Another example of successful Spanish engagement is the
Mediterranean. Spain has consistently sought to give the
EU and NATO a stronger Mediterranean focus. And its efforts
have yielded concrete results. The EU's Barcelona process
and NATO's Mediterranean Dialogue both acknowledge the
need for Europe to look not only eastwards, but also to
its neighbours in the South.
Another very public example was the leadership of the
Eurocorps by a Spanish General, Juan Ortuño, just
at the point when the Eurocorps took command of NATO's,
and the UN's, biggest peacekeeping operation, KFOR in
Kosovo. General Ortuño's calm professionalism in
one of the world's most difficult military jobs put the
Spanish military on a whole new level of prominence.
A final example is Spain's contribution to the European
Security and Defence Policy, including to the EU's Headline
Goal. Again, the logic is clear and compelling: a healthy
transatlantic partnership requires a fundamental change
in the way we do business. More than a decade after the
Cold War, it is becoming increasingly less clear why the
US should still be obliged to manage every crisis in or
around Europe, no matter how small, simply because the
European countries are unwilling, or unable, to take the
lead. In times of crisis, we need to have more options
than just "NATO or nothing".
This logic of rebalancing the transatlantic partnership
is reflected not only in the emerging relationship between
NATO and the EU. It is also visible in the 1995 EU-US
Action Plan, in which Spain took a leading role. The Action
Plan gave the EU a stronger Atlantic dimension, just as
our Atlantic Alliance is now developing a stronger European
dimension. The partnership with North America will remain,
but it will be a fairer - and therefore stronger - partnership.
And Spain has made an important contribution to that.

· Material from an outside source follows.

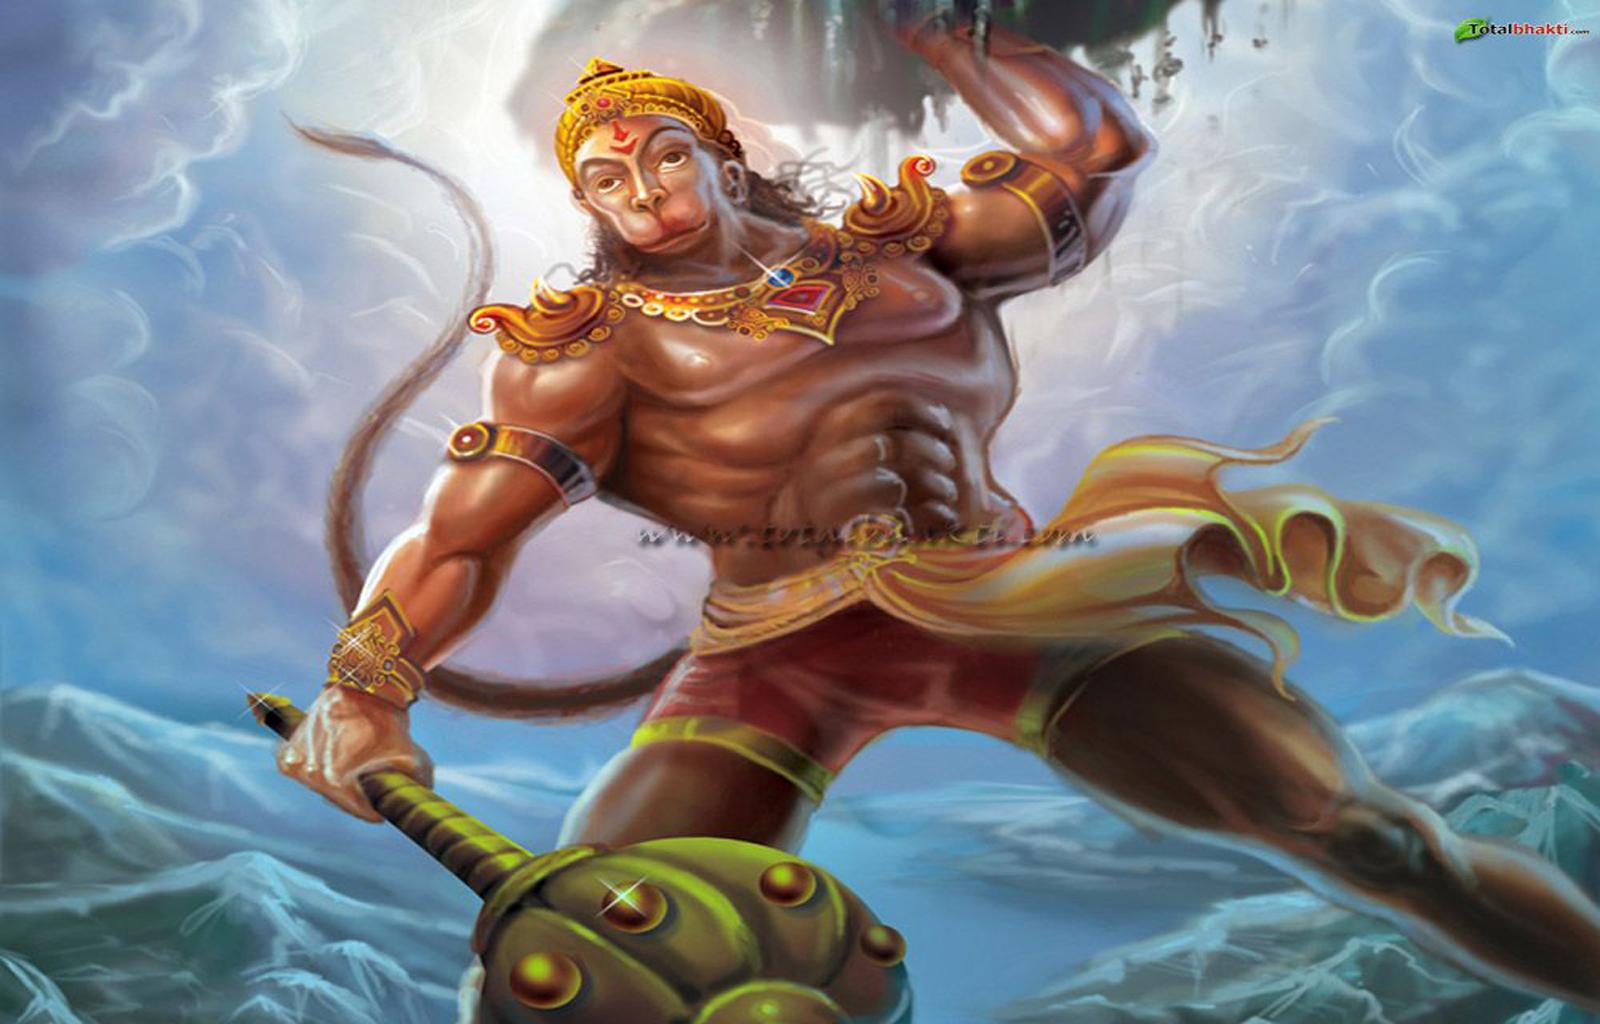 hanuman ji bodybuilder wallpaper  Hanuman images

Spain even volunteered a Spaniard to embody the transatlantic
relationship as a highly successful Secretary General
In sum, Spain has done a remarkable job on several fronts:
it has returned to Europe while at the same time building
a high profile as an international player. And it has
demonstrated that maintaining a strong and capable military
does not hinder rapid economic growth. As a result, Spain
has come off the sidelines of international relations
to become a central player in Euro-Atlantic security --
with strong public support. That is quite an achievement.
One reason for Spain's success is that it has not been
content with being just an effective political player.
Nor has it been content with simply being a respected
moral voice. The real reason for Spain's high international
standing lies elsewhere. It lies in the willingness to
act. In the willingness to uphold its values, and to preserve
its interests whenever and wherever necessary. In other
words, Spain's success is so tangible because it is not
based merely on rhetoric, but on hard work and real resources.
As the post-Cold War world changes ever more quickly,
Spain is more than ever an important player on our team.
Indeed, it is simply inconceivable to imagine NATO today
without Spain. But Spain's unique potential can only be
achieved by maintaining the same level of commitment this
country has shown so far.
Ladies and Gentlemen,
To emphasise the need to reform our militaries does not
reflect an obsession with military gimmickry, or a mistrust
in political solutions. On the contrary. Military competence
is an eminently political requirement. If there is now
hope for a peaceful future for the Balkans, it is because
NATO demonstrated military competence at a critical historical
juncture. As the 21st century unfolds, we may be faced
with new, different challenges that again may require
the use -- or the threat -- of force. We cannot predict
But what we can do is to prepare for it -- and, even
better, shape it: to be as peaceful and secure as possible
-- for us, and for future generations.